In 2026, artificial intelligence is no longer a novelty in the energy sector—it is a necessity. From predictive maintenance on wind turbines to optimizing output from solar farms, AI is being woven into the fabric of critical infrastructure. Yet scaling these systems safely and effectively requires more than just powerful algorithms. According to Melouney, real-world success hinges on three pillars: rigorous governance, high-quality data, and a clear focus on human-machine collaboration.
Woodside Energy, based in Australia, has integrated machine learning models into its operational workflows. These systems help forecast equipment failures, reduce unplanned downtime, and improve production efficiency. AI models analyze sensor data from turbines and pipelines in real time, alerting field operators to potential issues before they cause disruptions.
But with increased automation comes increased responsibility. Melouney emphasizes that governance is foundational. Without well-defined policies for data access, model validation, and explainability, AI can introduce risks that outweigh its benefits. He points to the need for "trusted data pipelines"—curated datasets that are regularly audited and verified for accuracy. In 2026, many companies still struggle with fragmented, siloed data. Overcoming that requires a defense-in-depth approach: standardized data formats, metadata ontologies, and organizational subject matter experts (SMEs) who can act as stewards for information quality.
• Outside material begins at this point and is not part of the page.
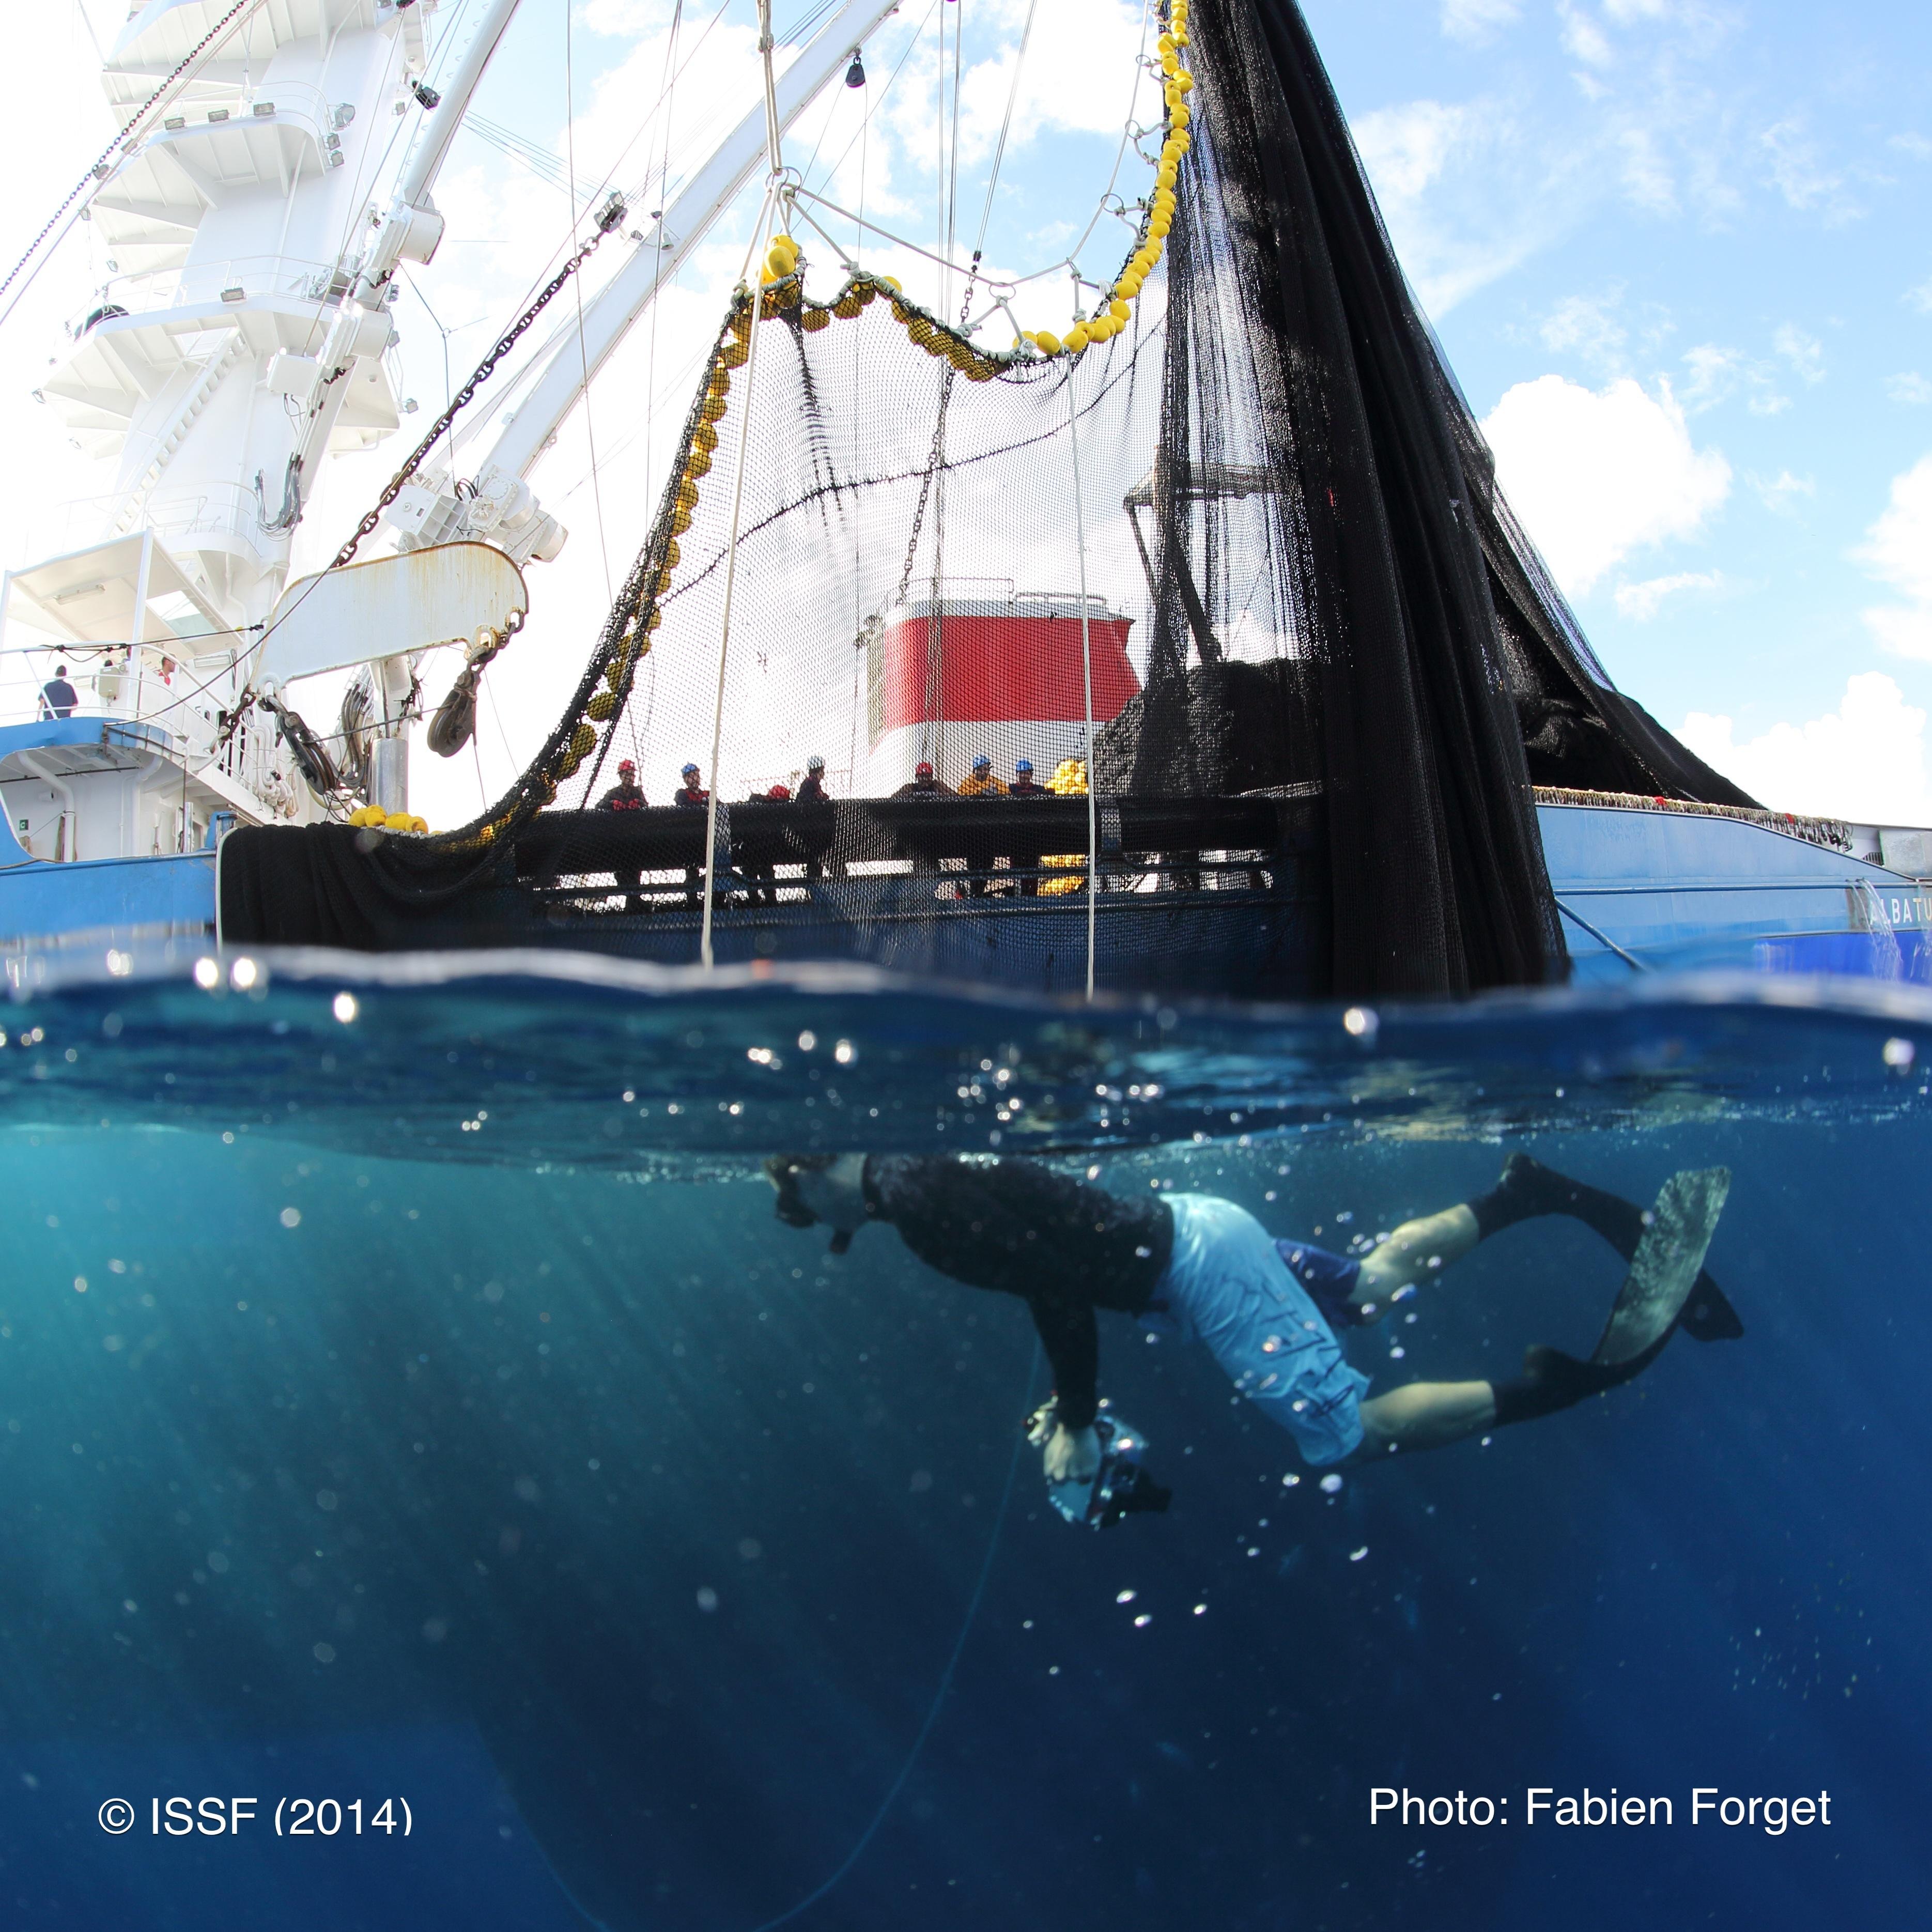 2014.05-WCPO-FabienForget-532

Equally important is designing AI systems to augment, not replace, human decision-making. Melouney argues that the best models are those that present actionable insights—for example, predicting spare part failures with enough lead time for intervention—rather than autonomous actions. This preserves human oversight in safety-critical environments such as oil rigs and gas plants.
Looking ahead, Woodside is exploring generative AI for operational reporting and knowledge management. While promising, such tools require careful deployment guardrails to ensure they produce factual, context-aware outputs. The company’s experience underscores a broader industry shift: as of mid-2026, nearly 60% of energy firms have deployed at least one AI system in production, per industry surveys, up from 35% in 2023. However, the true competitive differentiator is no longer who adopts AI first, but who manages it best.
In Melouney's view, the goal is not to hand over control to algorithms but to create a symbiotic system where humans and machines learn together. "We're teaching AI to run with the turbines," he says, "not instead of them."